We might not expect this one but how else to explain the fact that many embryos display the forms of their very early forms. Humans embryos go through a 'fish stage' with gills and all. And interestingly all mammals go through a fish stage but no fish go through a mammal stage. Why? Because we descended from fish, the first vertebrae, and not the other way around.
You can also ask what would you expect to see if everything were created at once and is as is and has not evolved.
You would expect to see wild varieties of creatures with few if any common features. But you don't.
You'd not expect to find extinct creatures that are clearly earlier forms of the current version Why would you? But you do.
You'd not expect to see examples of 'bad design' of which there are many but you do. (As Robin Williams put it - "Intelligent design? You've got a sewage treatment plant right next to an amusement park!")
The stages that the human fetus goes through is especially interesting. Two examples: At about 6 months along the fetus grows a complete coat of hair called lanugo giving evidence of our close kinship to the rest of the monkeys. This hair is shed about a month before birth. Chimpanzees grow hair at nearly the same stage but they keep it. Also, a brand new infant will strongly grasp your finger if you gently stroke its palm.
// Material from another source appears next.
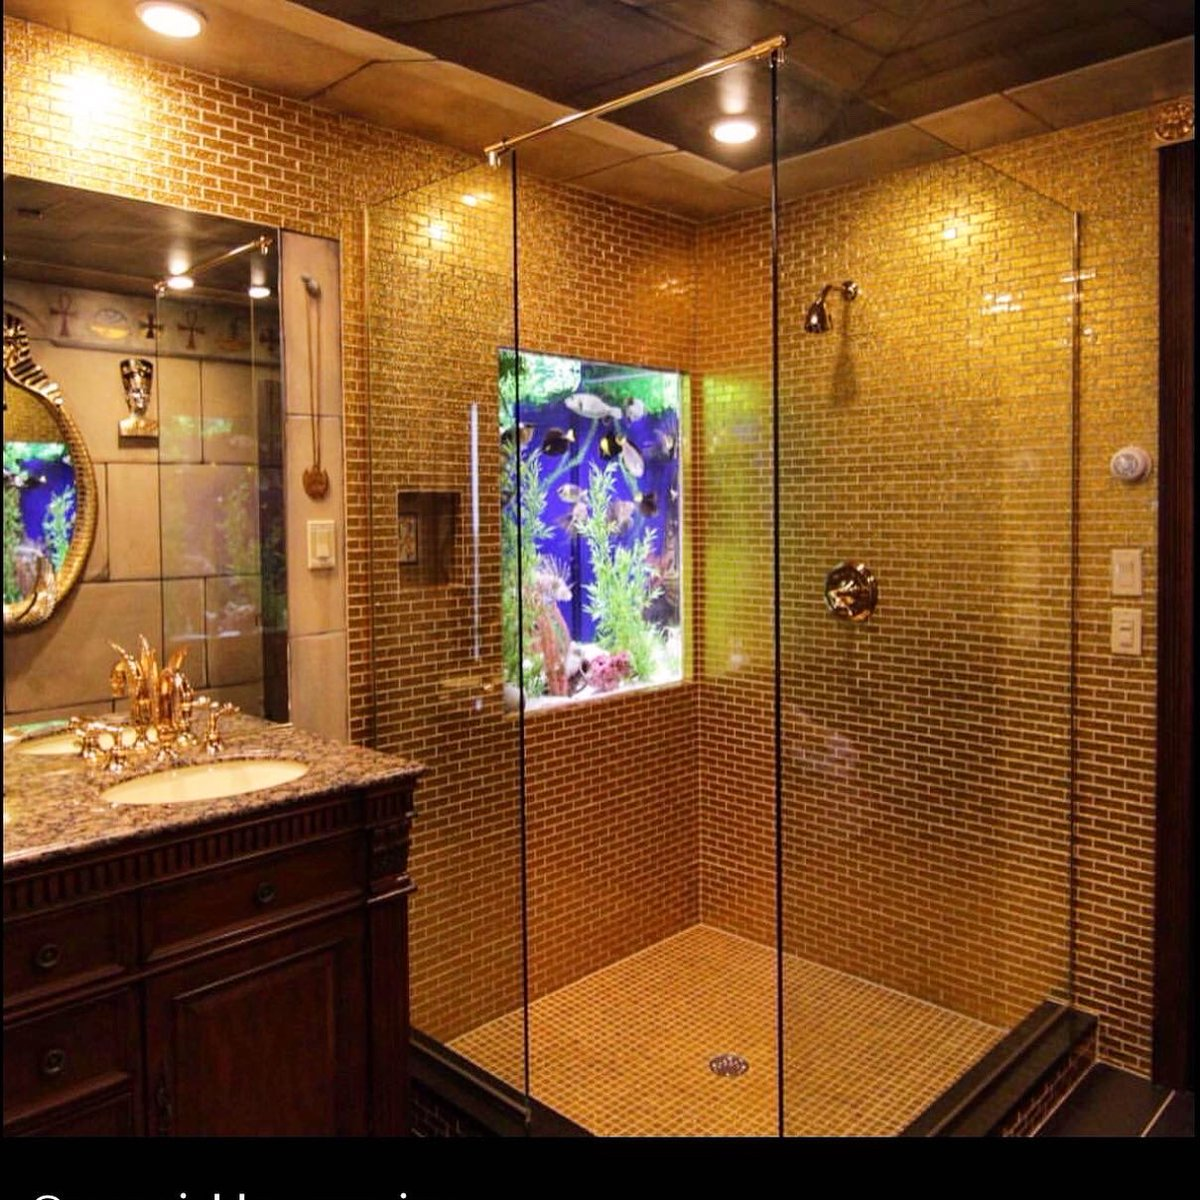 If you're going to install a fish tank in your #shower, you might as well surround it with Gold Glitter Glass #Tiles ✨  https://t.co/6yccBNRYRr #bathroomremodel #subwaytiles #glasstiles #backsplash #golddecor #designinspo #homedecor #bathroomdecor #designideas #interiordesign https://t.co/Olk2HUCFJp

This is a remnant of our past as infant monkeys have to be able to hang on to their mother's fur. Humans (with very few exceptions) have no need to grasp their mother's fur but the hard wired behavior remains.
Finally, for today, a recurring ID argument for all this 'bad design' stuff is that the creator created things that way for maybe artistic reasons or for reasons that we cannot fathom. But the only thing that makes any sense of these bad designs is if things evolved from earlier forms. This means that the creator must have had in mind to fool legions of biologists just for fun. Not to mention the fact that the "the lord works in mysterious ways" argument is getting a little tired I think.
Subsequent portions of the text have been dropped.